My favourite question at job interviews is this. Not that it is suitable for every situation, but when a person tells that he is quite wise in both Perl and databases, I ask it.
Imagine that you are creating the search engine (yet another google, yes) and you have billions of pages scanned and an inverse index. The structure of index is straightforward: table of tripples ($word_id, $page_id, $number_of_occurrences). Both identifiers are numbers in tables that contain every known word and every known URI. Number of occurrences tells how many times a word appeared on that particular page.

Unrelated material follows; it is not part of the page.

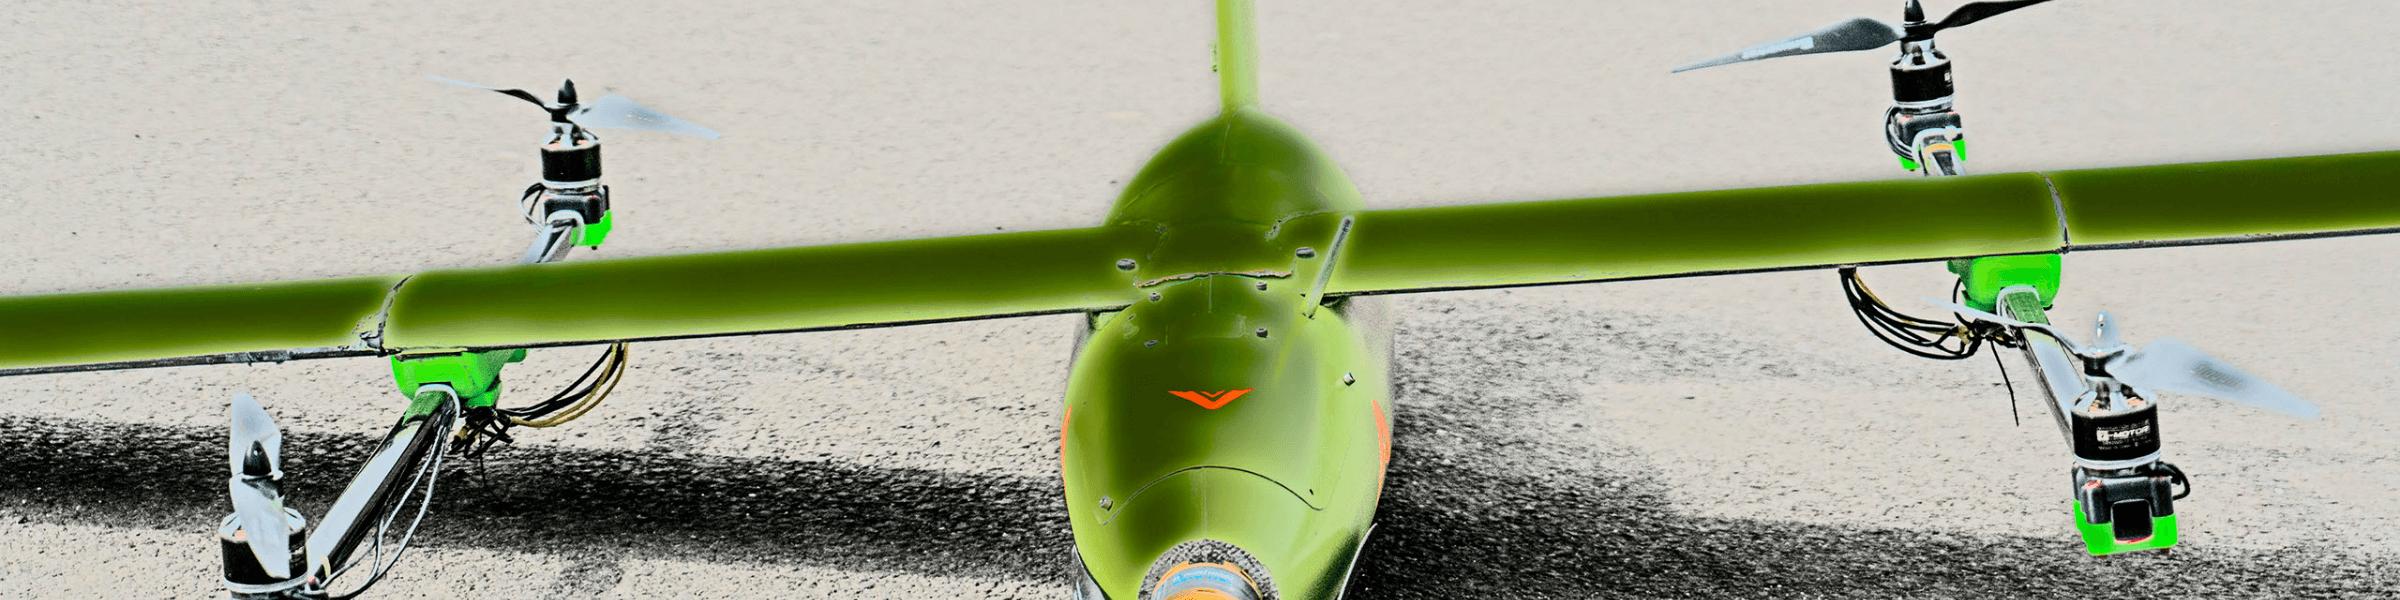 Raptor-UAS-Drone-Major-Consultancy-Services-Solutions-Hub

The question itself is how to display 10 most relevant pages for the query "Putin -Bush", where minus indicates that the word must not appear on a page. Search result should also contain the total number of suitable pages.
Queries with each word in separate give millions of pages, and you cannot store in memory indexes that were found, and of course you cannot make any calculations with two such lists fully kept in memory.
Can we assume that it is capable of doing a join like this?
SELECT with1.page_id
, with1.number_of_occurrences
FROM reverse_index with1
LEFT JOIN reverse_index without1
ON with1.word_id = ?
AND without1.word_id = ?
AND with1.page_id = without1.page_id
WHERE without1.page_id IS NULL
ORDER BY with1.number_of_occurrences DESC
If we are forced to assume that this can't work, then the simplest way to proceed is to sort each result set with a merge-sort (doesn't have to be kept in memory), then do a "merge-filter", then do another sort to get it into the order you want.
If you have lots of machines to throw at this (like Google does) then each of these steps can be set up as a parallel algorithm, and the whole algorithm, excepting a final gathering of data at the last step, can run in parallel. But even that final gathering can work off of partially summarized data, with the result that your response time can be kept bounded.
All good stuff to know, but most people won't run into a situation where you can't just shove it down to the database and let the database take care of it.
Re:How beefy is the database?
andy.sh on 2008-08-04T18:26:57
Yes, there is a Google's paper about MapReduce algorithm which might be used for the situation.
People whom I asked usually forgot that even to display 10 top links you cannot perform two queries with LIMIT 10 (or 20), one to select pages with most occurences for the word1, and then grep them to exclude those with word2: in this case you can get into multiple queries.
Re:How beefy is the database?
btilly on 2008-08-04T18:48:13
Heh, that reminds me of an interesting challenge I faced once.
I was creating a basic desktop query tool which would be used to summarize how much money had been spent in, say, a particular area on a particular kind of product. Products were categorized at various levels. For example a specific glass beaker would be classified as the exact item, as a glass beaker, as a laboratory supply made out of glass, and under laboratory supplies.
I had two interesting requirements. The first is that the database shipped to people in a particular region should not have specific order data for other regions. The second is that I needed to support various reports of the form, "Show how much of X was purchased locally and across the whole company over time period X." Where X could be anything from a specific product to, say, any laboratory supply.
How did I do it? (Note, I did not just precan a set of reports. There were simply far too many reports that could have been run to successfully pre-can it.)